# memorial to 3 unknown Welsh sailors



## dundalkie (Mar 15, 2006)

I attended the unveiling of a memorial to 3 unknown Welsh seamen in a country churchyard on the Cooley peninsula in Co Louth ROI. It was a very moving cermony and the background to it is as follows:
On the night of April 8th 1858 the sloop ENDEAVOUR of Amlwch carrying a cargo of slate from Bangor to Belfast was wrecked on Cooley point on the North of Dundalk Bay during a South Westerly gale. The bodies of 3 seamen were washed up on the shore at Rathcor and they were laid to rest in a corner of St. Andrew's Church of Ireland graveyard at Bush. The graves were unmarked but the location was passed down in local folklore. A local group got together and decided that a memorial should be erected to the unknown seamen before their story was forgotten. research is under way to try and put names to the seamen.


----------



## uisdean mor (Sep 4, 2008)

Dundalkie

Many thanks for the care and respect shown by you and your community.
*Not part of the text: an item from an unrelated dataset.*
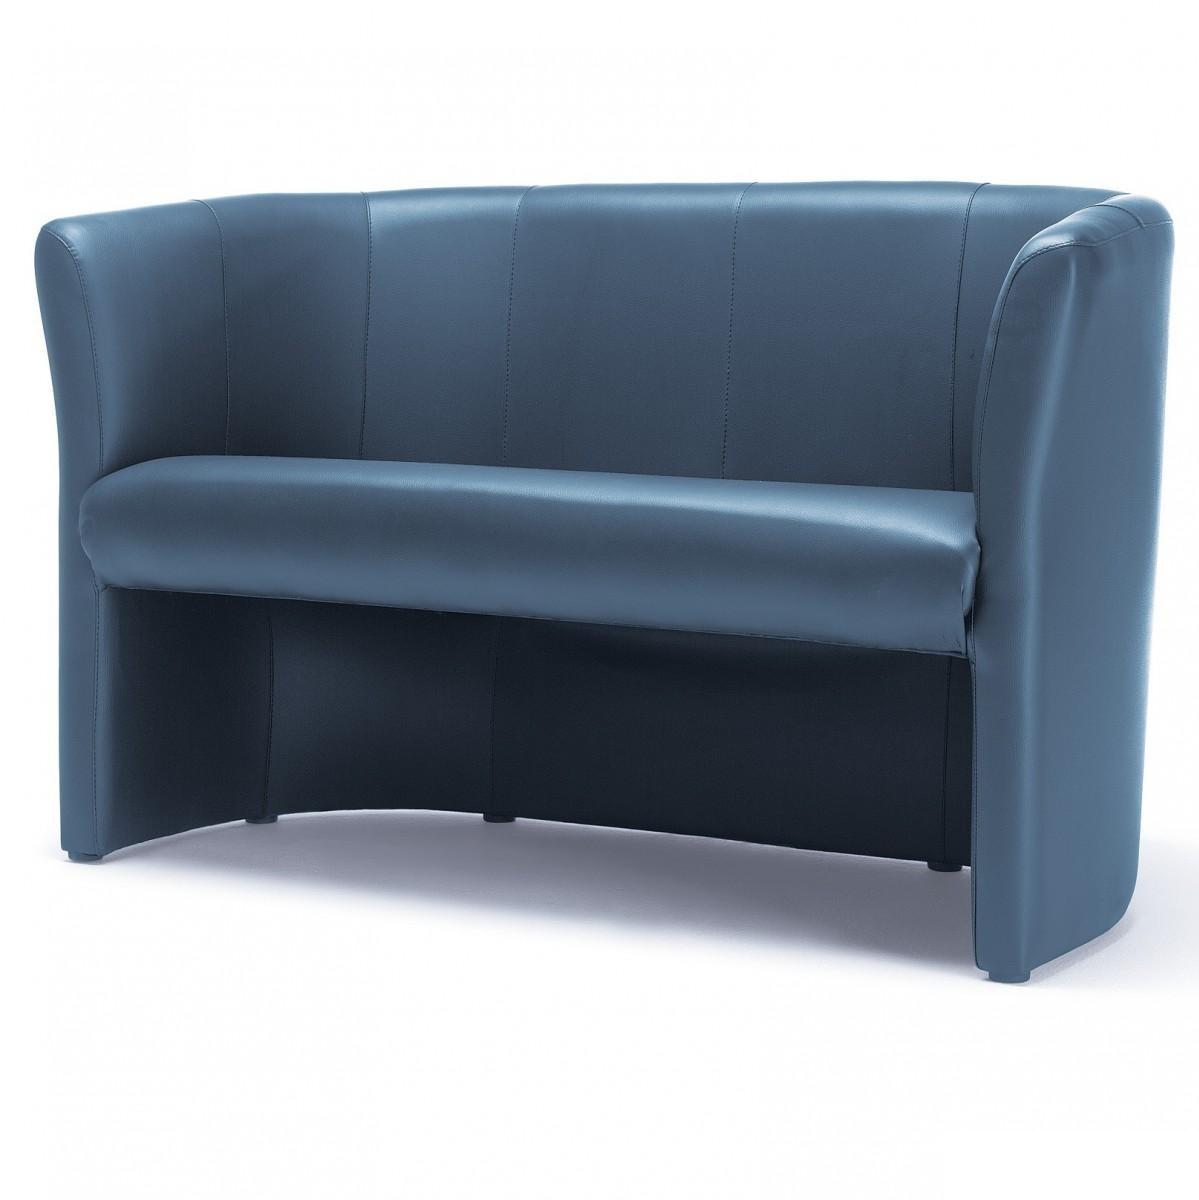 Sofa Vancouver Round Mjob Blog
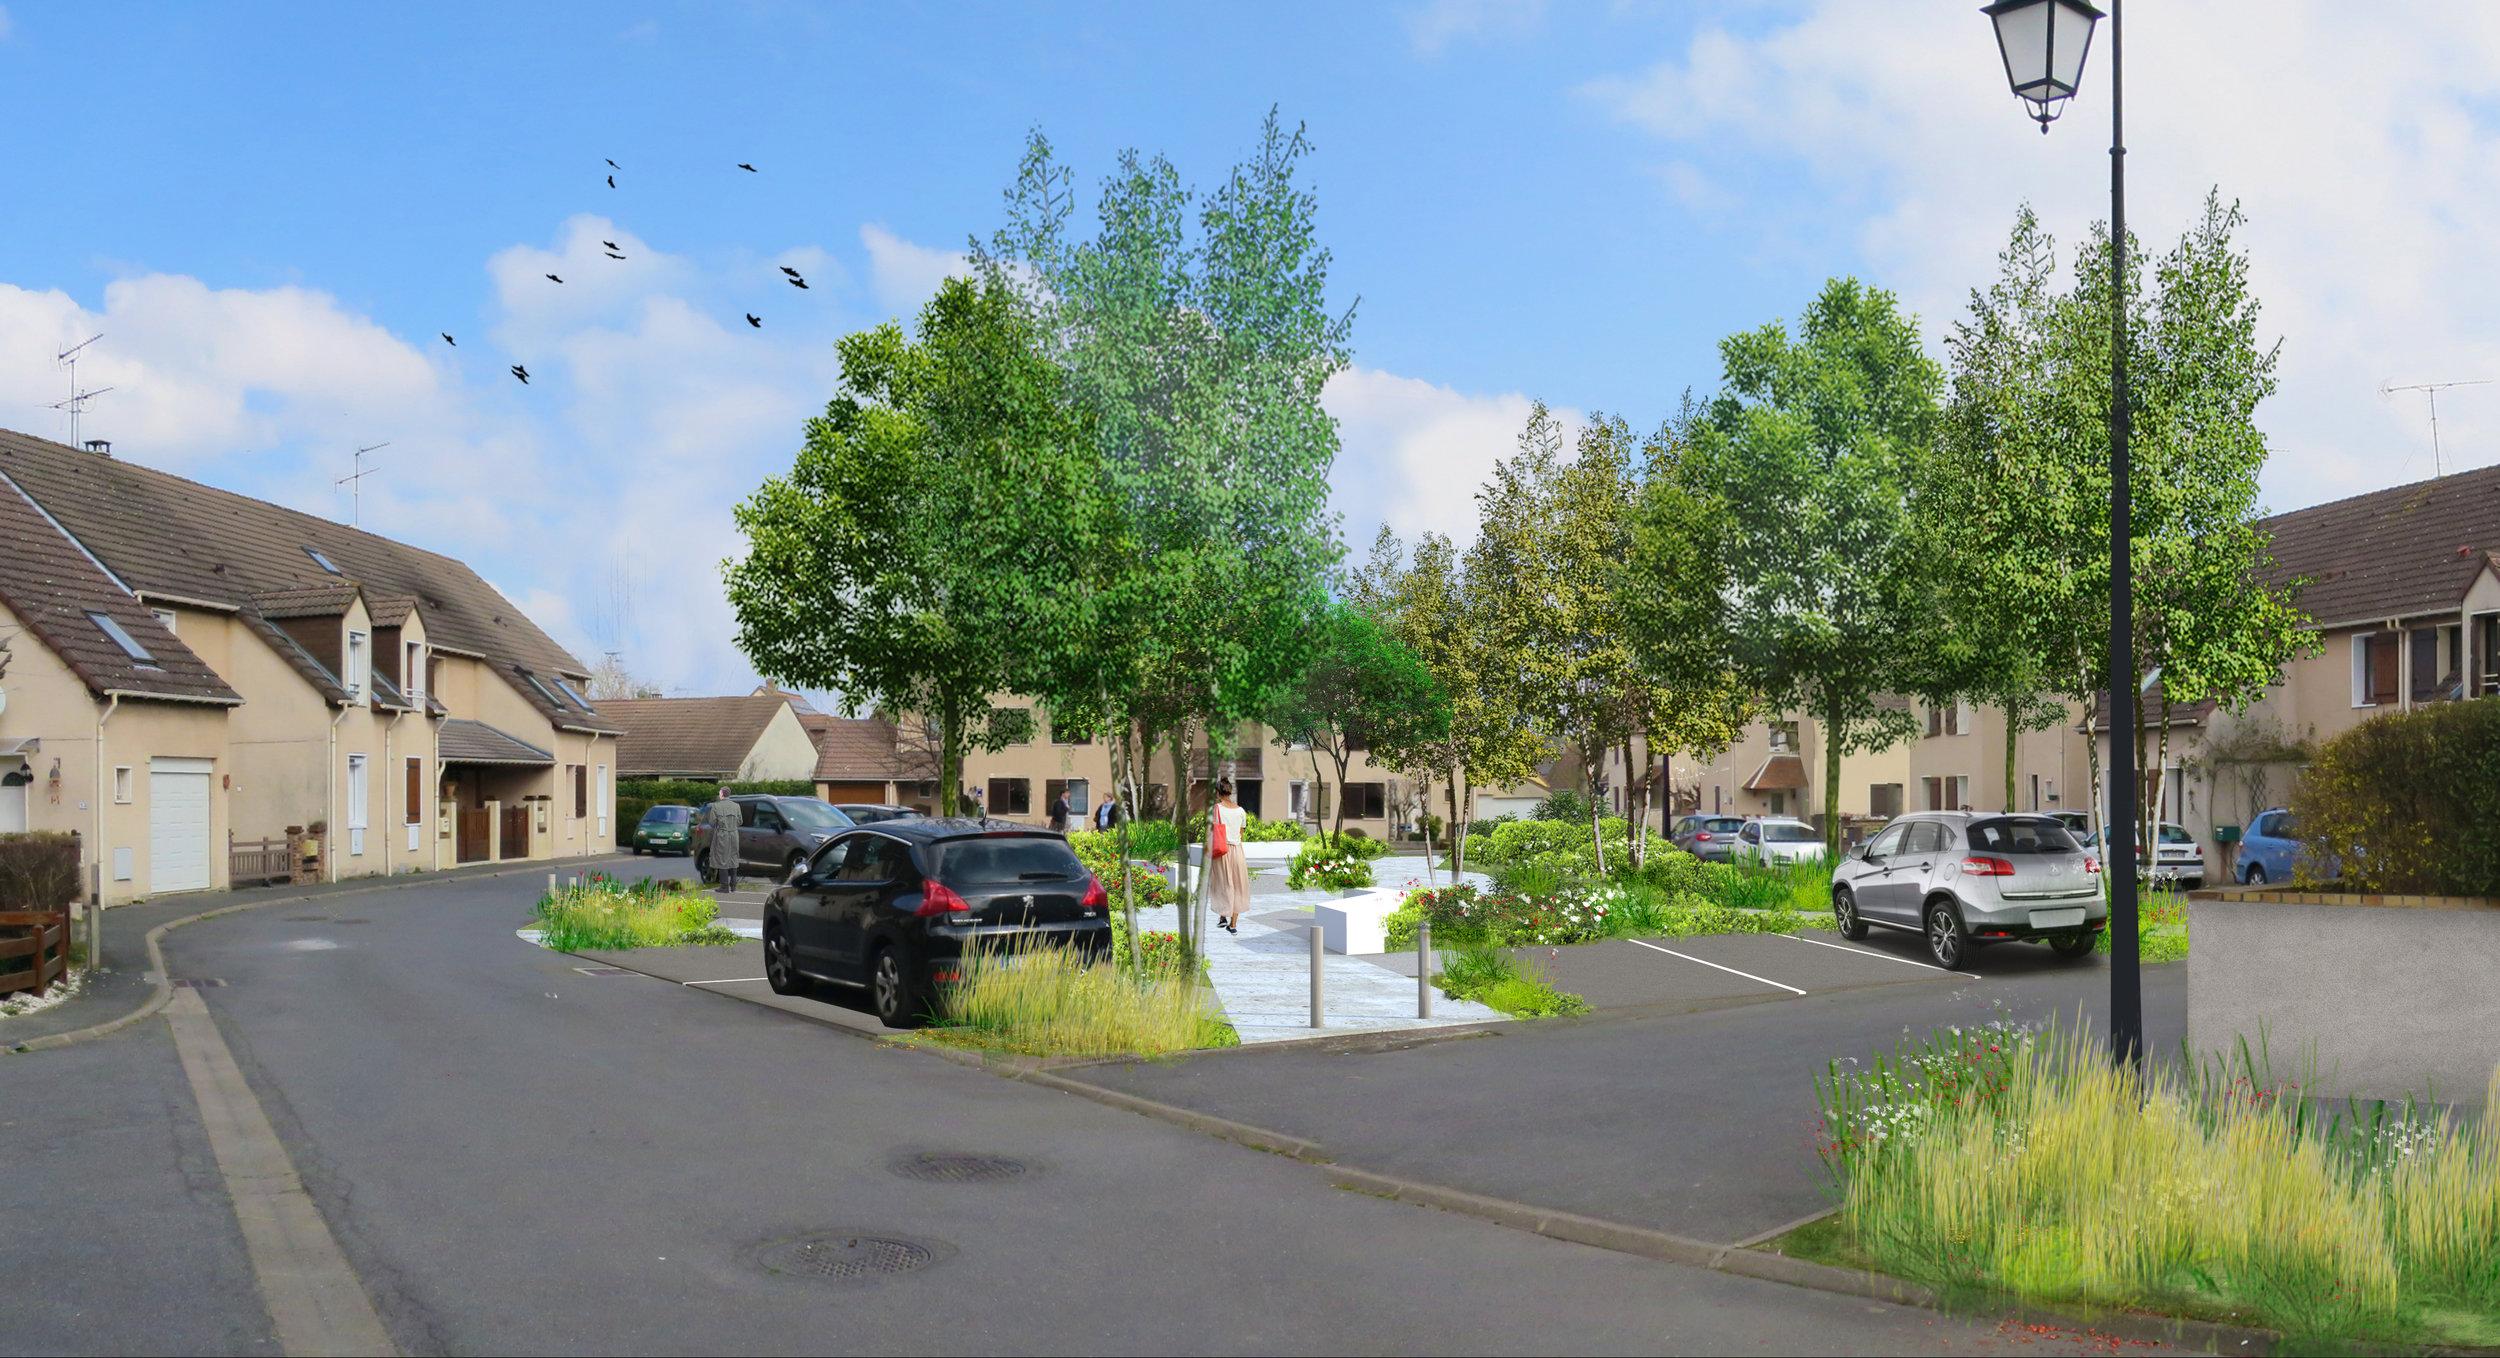 public_square_maurecourt_terraces_gardens_outdoor_landscape_designer_christophe_gautrand_1.jpg

A credit to the sea going tradition and the witness of those on shore. 
Many thanks 
Slainte 
Uisdean Mor


----------



## Cutsplice (May 23, 2008)

I think its honourable considering so many years had passed that they are remembered and some form of memorial has been dedicated to them, many thanks to all concerned. Sometimes as seamen we were despised and forgotten, so its refreshing that many held seamen in high regard and gave us respect also. 
I took a photo a few months ago in a cemetery in Co Wexford where three unknown seamen are buried, will soon post the photo on site, glad to say they each had a memorial stone in situ.


----------



## tom roberts (May 4, 2008)

It is moving to read this tribute to the three Welsh seamen it brings back memories of a trip my wife and I made to the island of Iona where in the cemetry are three memorials to those unsung heroes of the M.N. who gave their lives in the Battle of the Atlantic they just say to Three Uknown Merchant Seamen,it was a very moving moment for both my wife and me. If you visit Iona the markers are in the grass in front of a large memorial to I think a bomber crew near to the wall on the seaward side of the cemetry.


----------